# ASSIGNMENT
What you give must be the lines from the one containing "Build A House" through the last line of the listing below, exactly, with nothing else and no pictures.

# DATA BLOCK

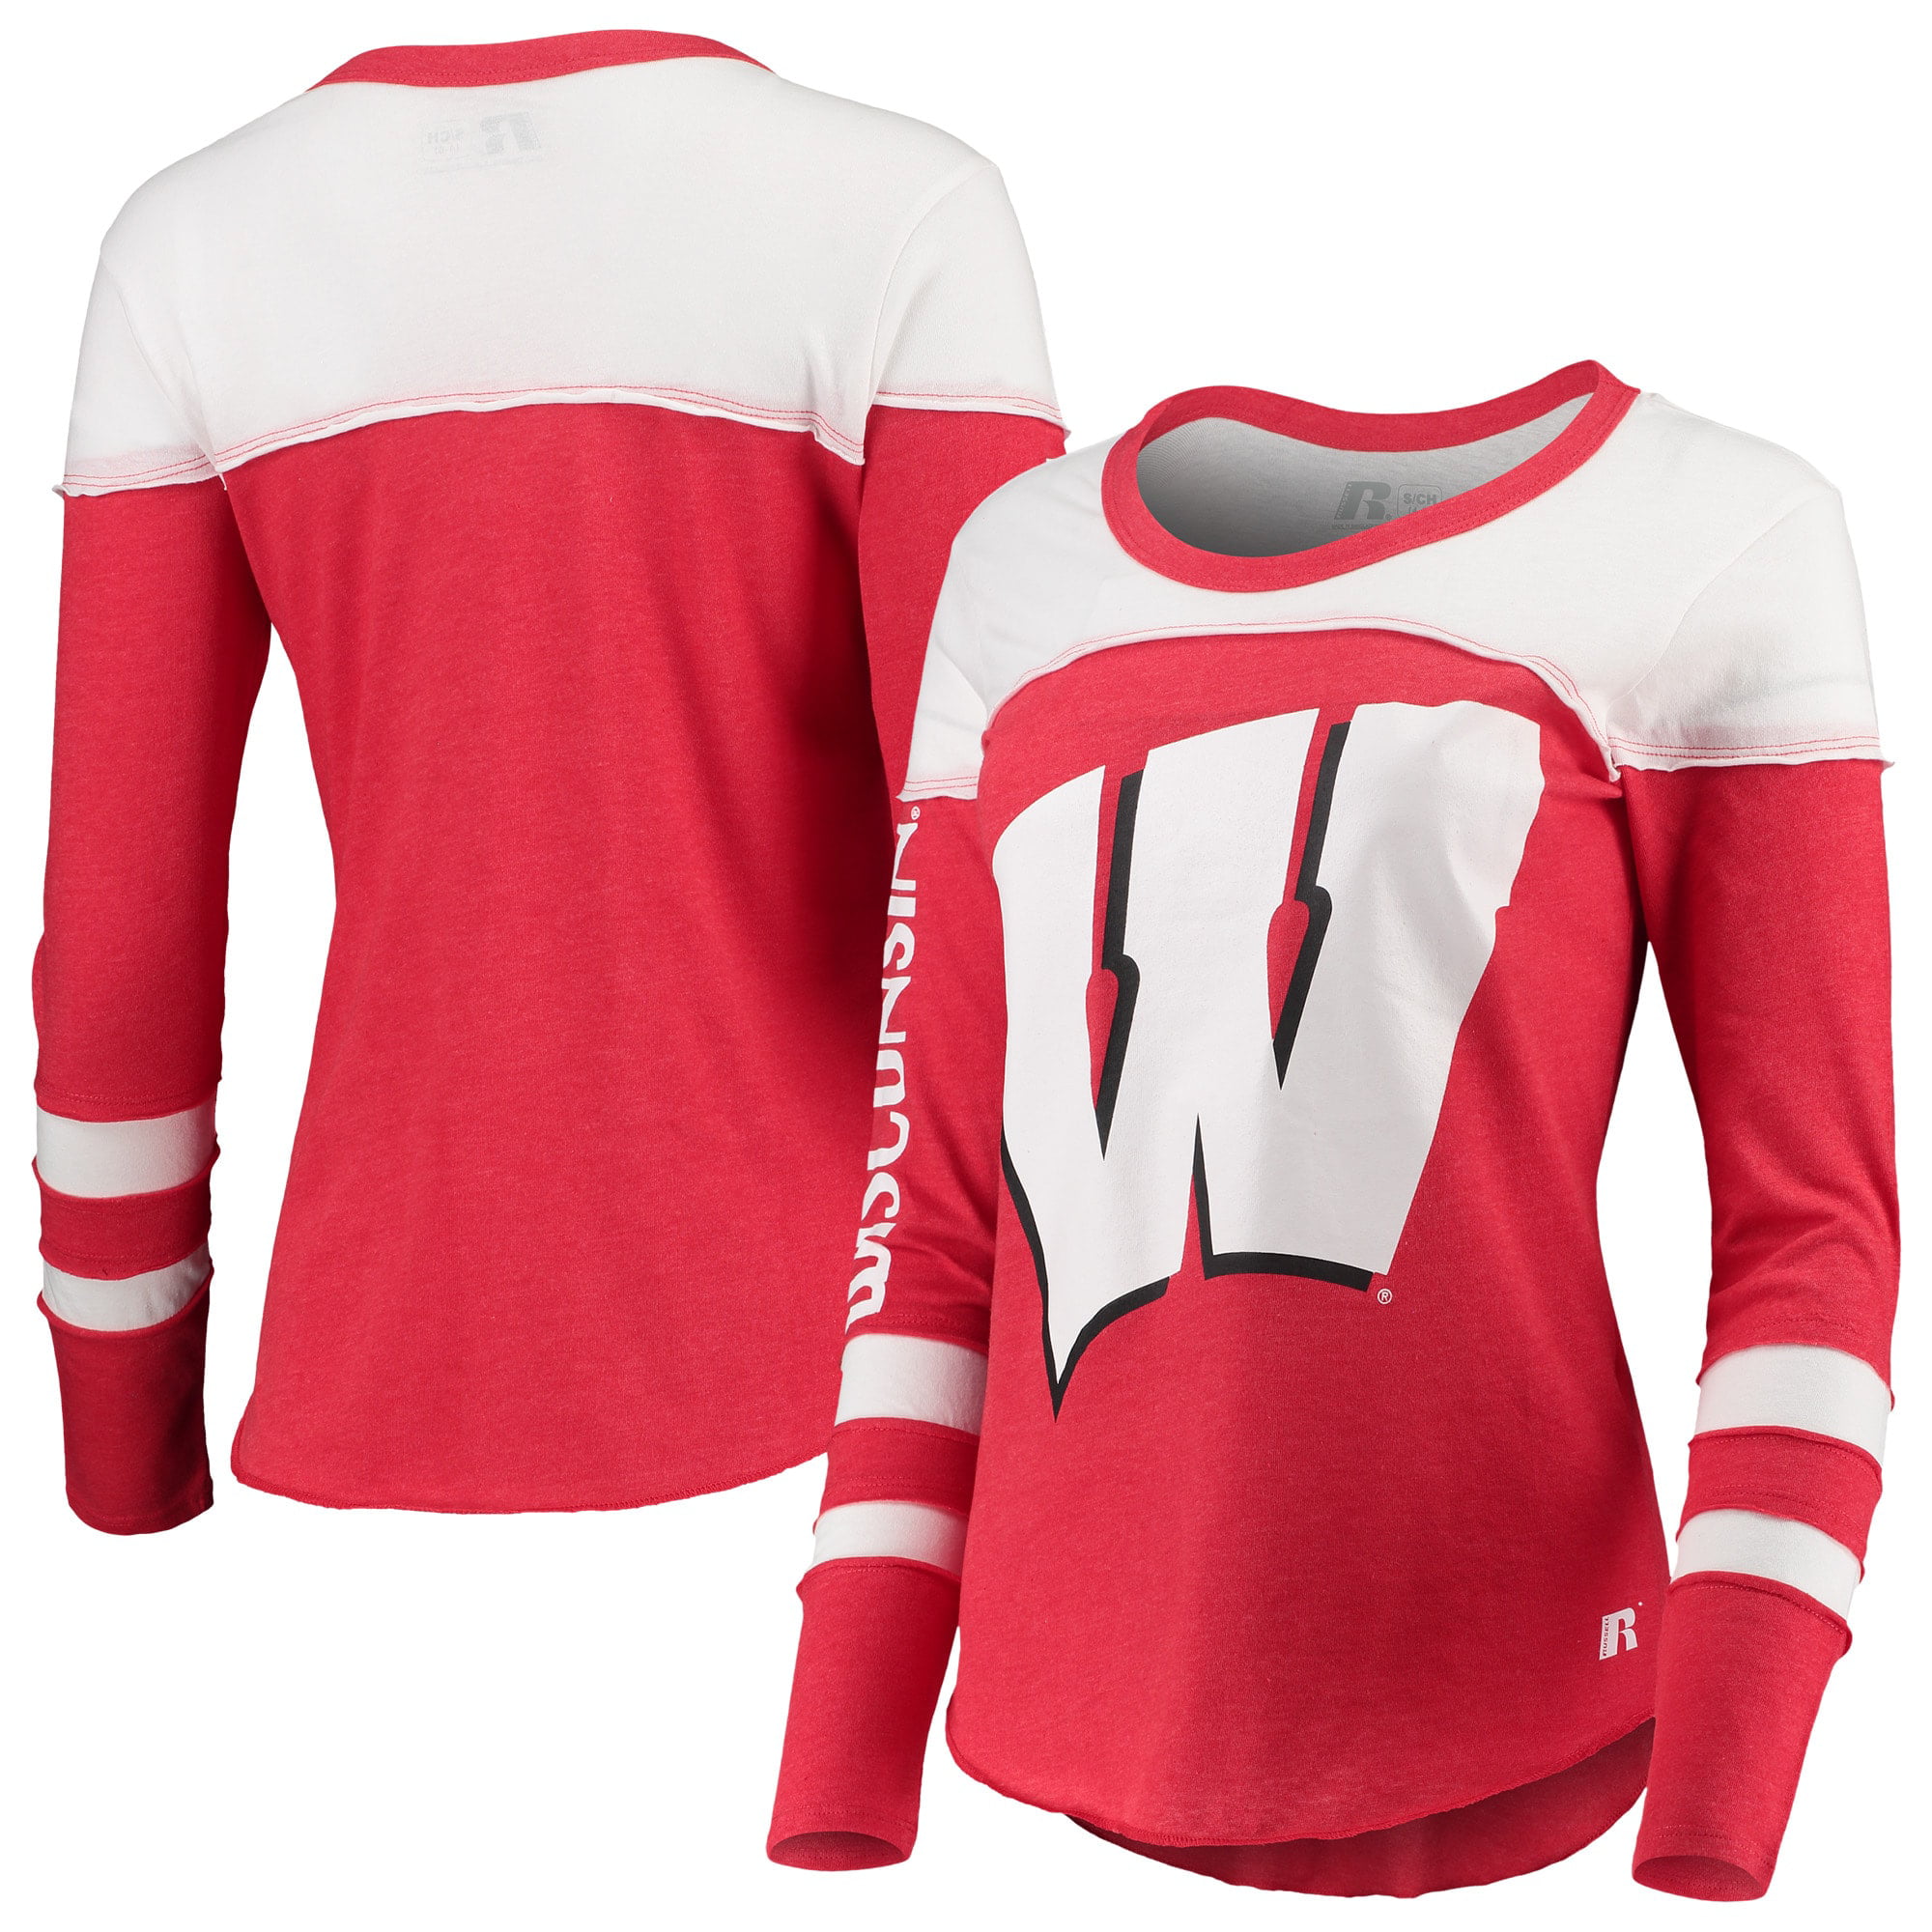 Ouray Sportswear NCAA Wisconsin Badgers Womens Admire Vest 2X White
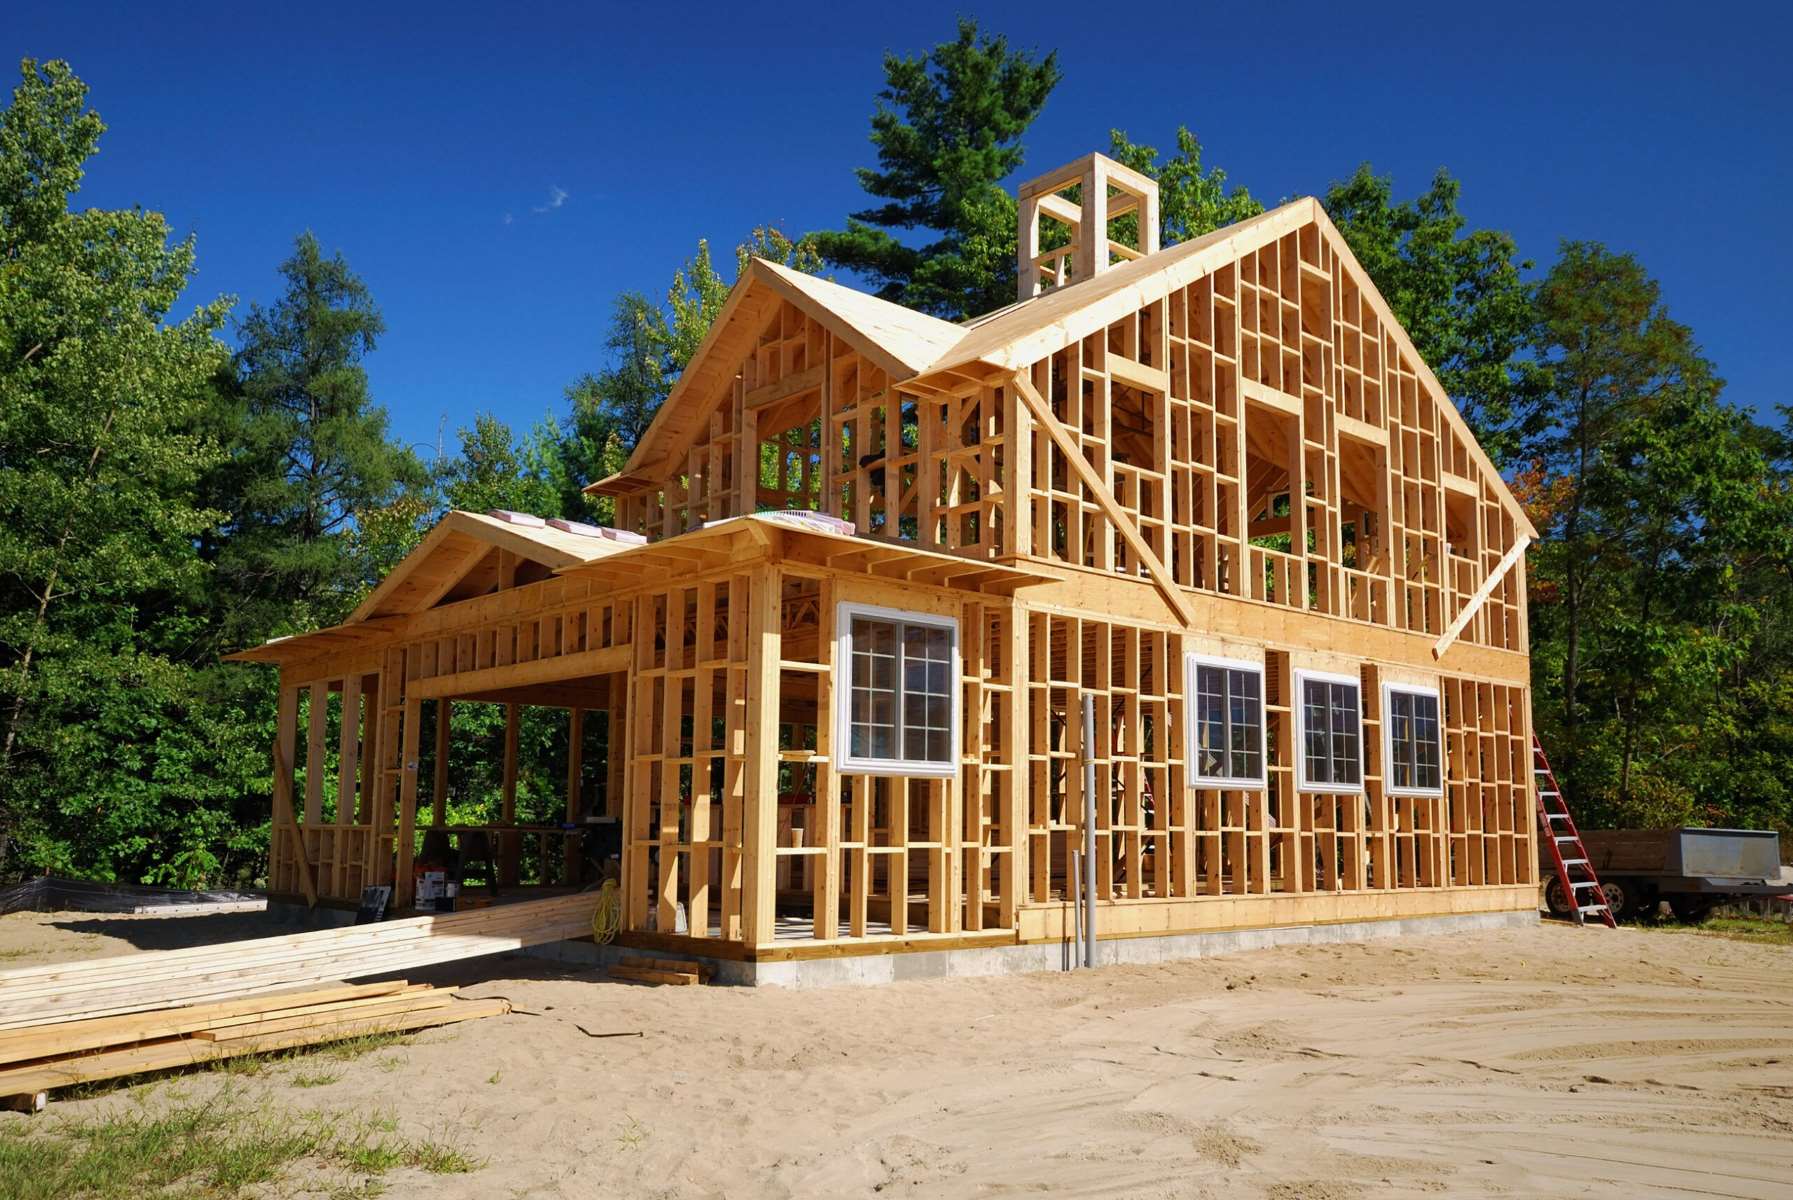 Build A House On Your Land Without Permits Or Permission – No Rules, No Limits!
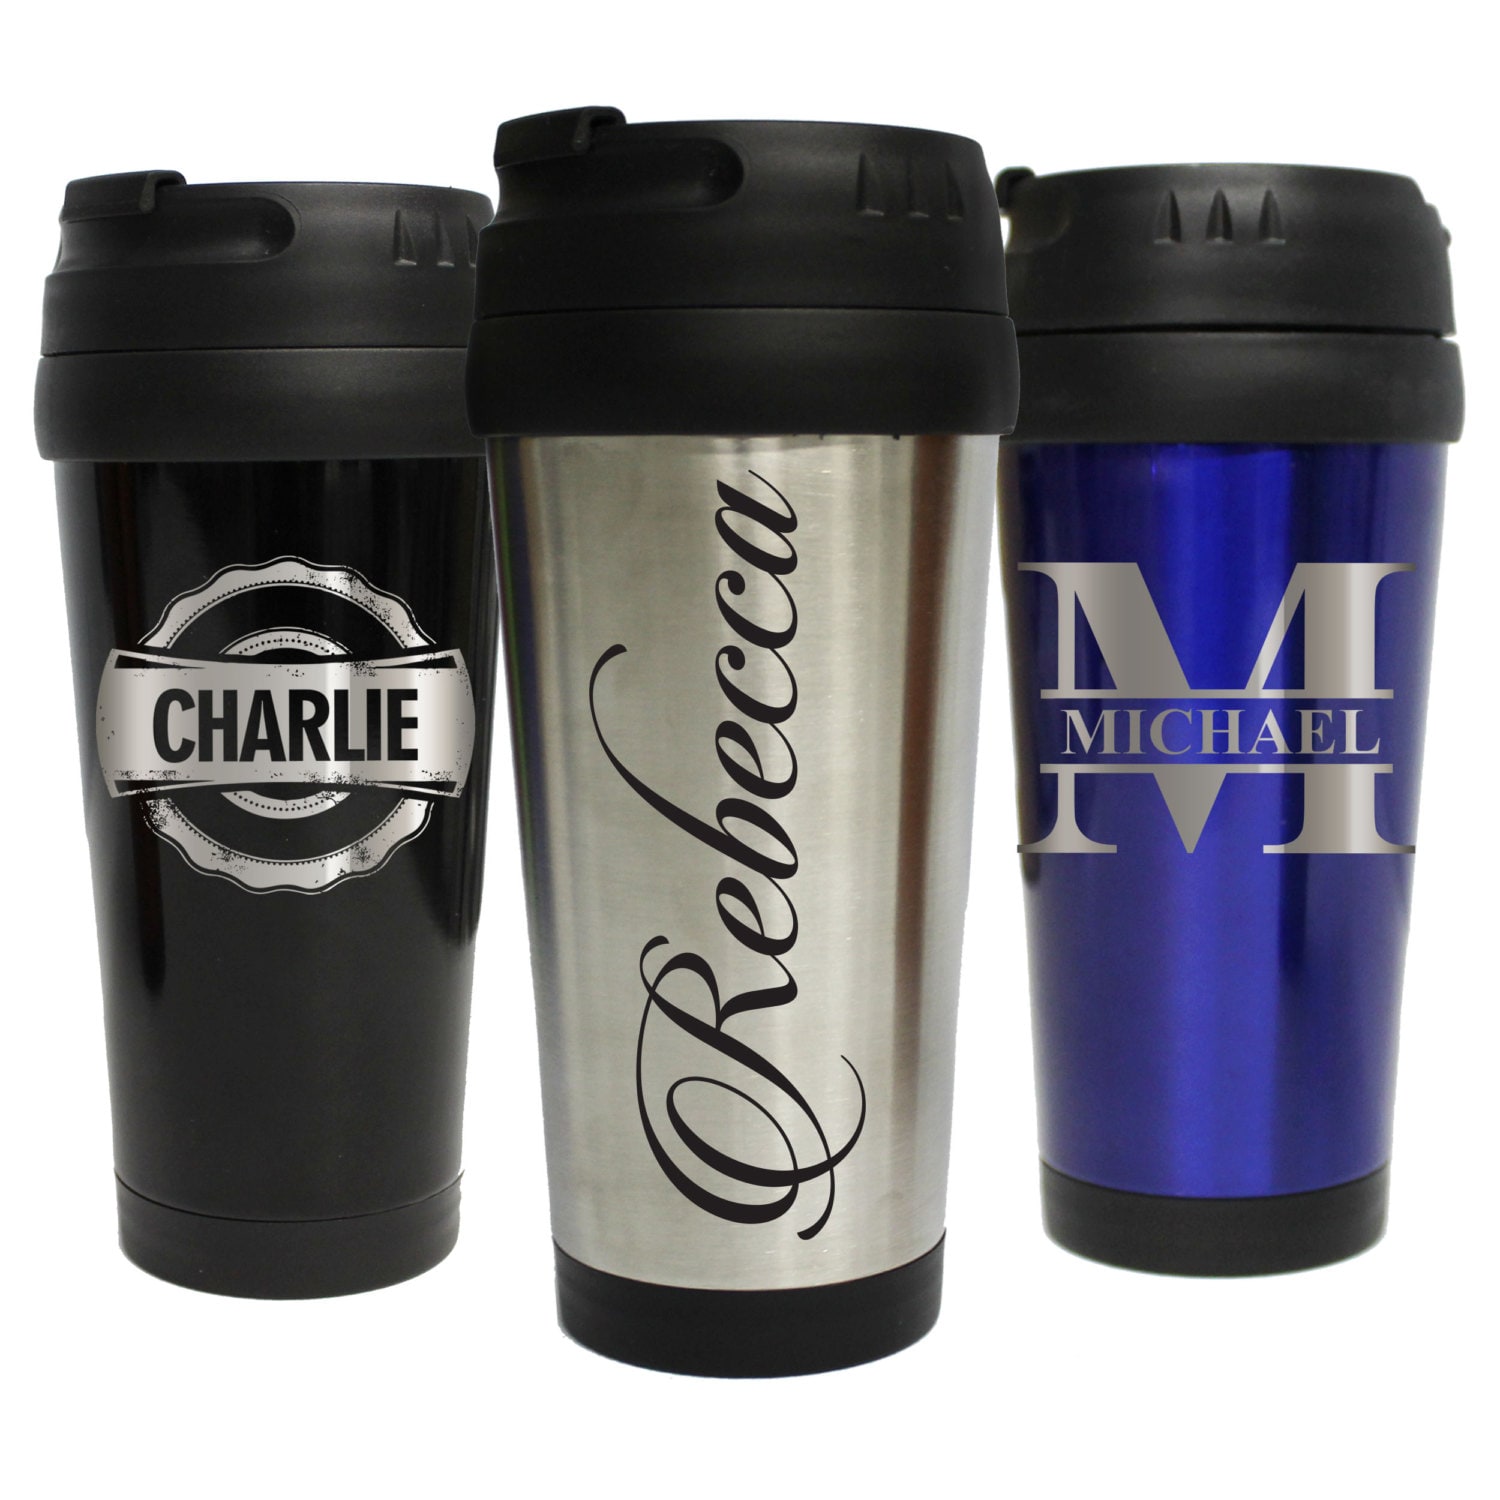 Multicolor Travel Mugs Idea Cafe No-Spill Cup, Packaging Type: Box

# ANSWER BOX
 Build A House On Your Land Without Permits Or Permission – No Rules, No Limits!
 Multicolor Travel Mugs Idea Cafe No-Spill Cup, Packaging Type: Box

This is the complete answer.